> EXERCISE PROMPT:
In the data below, the answer is the run of lines from the line containing "45 Solar LED" through the line containing "Chanel CHANEL - Le", both included; print it exactly and nothing else.

> ENTRIES SHOWN:
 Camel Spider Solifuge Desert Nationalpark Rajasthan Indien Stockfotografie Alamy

* * *

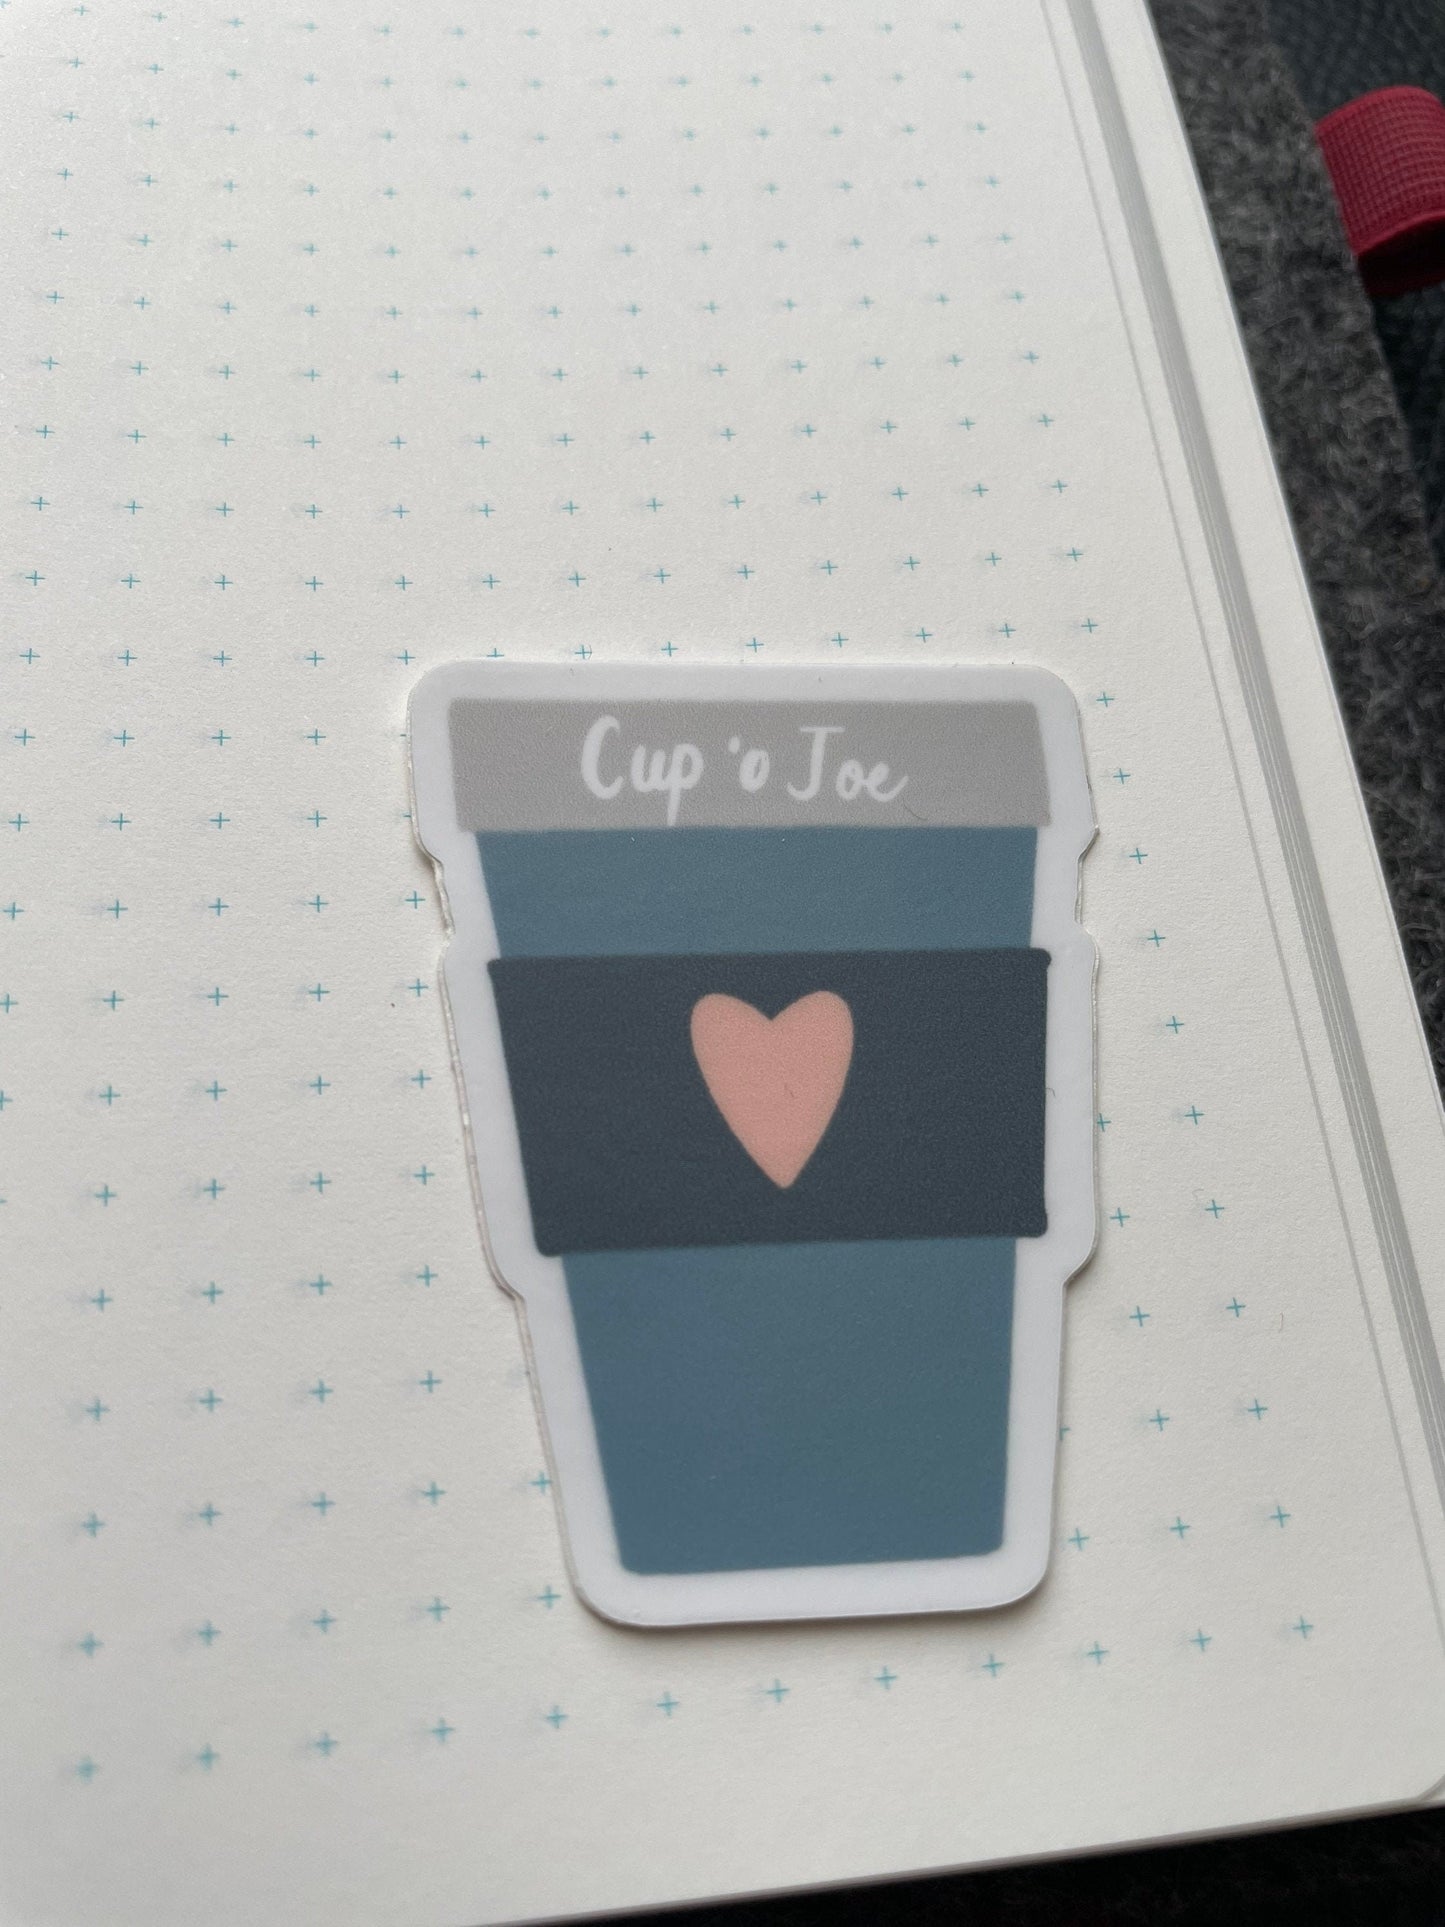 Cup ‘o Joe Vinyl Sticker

---

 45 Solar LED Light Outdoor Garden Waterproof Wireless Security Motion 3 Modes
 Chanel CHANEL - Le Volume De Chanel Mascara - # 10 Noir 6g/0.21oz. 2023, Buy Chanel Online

> TASK ANSWER:
 45 Solar LED Light Outdoor Garden Waterproof Wireless Security Motion 3 Modes
 Chanel CHANEL - Le Volume De Chanel Mascara - # 10 Noir 6g/0.21oz. 2023, Buy Chanel Online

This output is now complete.